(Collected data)
Start of Block
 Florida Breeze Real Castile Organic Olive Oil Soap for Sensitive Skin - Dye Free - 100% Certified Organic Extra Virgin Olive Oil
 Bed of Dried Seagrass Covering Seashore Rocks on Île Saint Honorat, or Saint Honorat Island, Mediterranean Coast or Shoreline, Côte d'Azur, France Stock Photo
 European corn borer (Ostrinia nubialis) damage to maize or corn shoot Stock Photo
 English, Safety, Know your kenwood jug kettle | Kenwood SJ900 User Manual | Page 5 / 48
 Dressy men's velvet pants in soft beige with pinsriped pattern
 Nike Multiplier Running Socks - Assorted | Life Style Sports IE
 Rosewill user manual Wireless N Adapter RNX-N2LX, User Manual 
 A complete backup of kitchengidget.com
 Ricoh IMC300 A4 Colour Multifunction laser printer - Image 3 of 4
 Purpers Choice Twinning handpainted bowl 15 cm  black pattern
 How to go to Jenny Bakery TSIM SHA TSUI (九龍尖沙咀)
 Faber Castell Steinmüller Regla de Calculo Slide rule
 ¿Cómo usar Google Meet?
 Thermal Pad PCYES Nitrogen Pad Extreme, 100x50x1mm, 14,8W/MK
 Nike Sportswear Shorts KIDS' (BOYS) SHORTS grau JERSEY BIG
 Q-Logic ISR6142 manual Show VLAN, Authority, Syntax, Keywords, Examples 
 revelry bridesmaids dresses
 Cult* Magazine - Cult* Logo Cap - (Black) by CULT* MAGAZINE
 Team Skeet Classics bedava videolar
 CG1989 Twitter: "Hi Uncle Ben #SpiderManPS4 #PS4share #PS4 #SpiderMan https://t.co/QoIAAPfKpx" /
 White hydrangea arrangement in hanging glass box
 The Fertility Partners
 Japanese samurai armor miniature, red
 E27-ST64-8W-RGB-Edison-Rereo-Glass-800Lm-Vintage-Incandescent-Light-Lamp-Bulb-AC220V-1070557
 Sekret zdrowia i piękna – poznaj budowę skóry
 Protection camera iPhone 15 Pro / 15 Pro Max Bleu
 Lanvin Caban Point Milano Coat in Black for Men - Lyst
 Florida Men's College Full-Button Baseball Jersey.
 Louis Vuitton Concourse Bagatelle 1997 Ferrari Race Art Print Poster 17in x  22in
End of Block
Using the entries shown above, reproduce verbatim the lines from the line bearing "Bed of Dried" to the line bearing "A complete backup of kitchengidget.com", inclusive.

ANSWER SECTION:
 Bed of Dried Seagrass Covering Seashore Rocks on Île Saint Honorat, or Saint Honorat Island, Mediterranean Coast or Shoreline, Côte d'Azur, France Stock Photo
 European corn borer (Ostrinia nubialis) damage to maize or corn shoot Stock Photo
 English, Safety, Know your kenwood jug kettle | Kenwood SJ900 User Manual | Page 5 / 48
 Dressy men's velvet pants in soft beige with pinsriped pattern
 Nike Multiplier Running Socks - Assorted | Life Style Sports IE
 Rosewill user manual Wireless N Adapter RNX-N2LX, User Manual 
 A complete backup of kitchengidget.com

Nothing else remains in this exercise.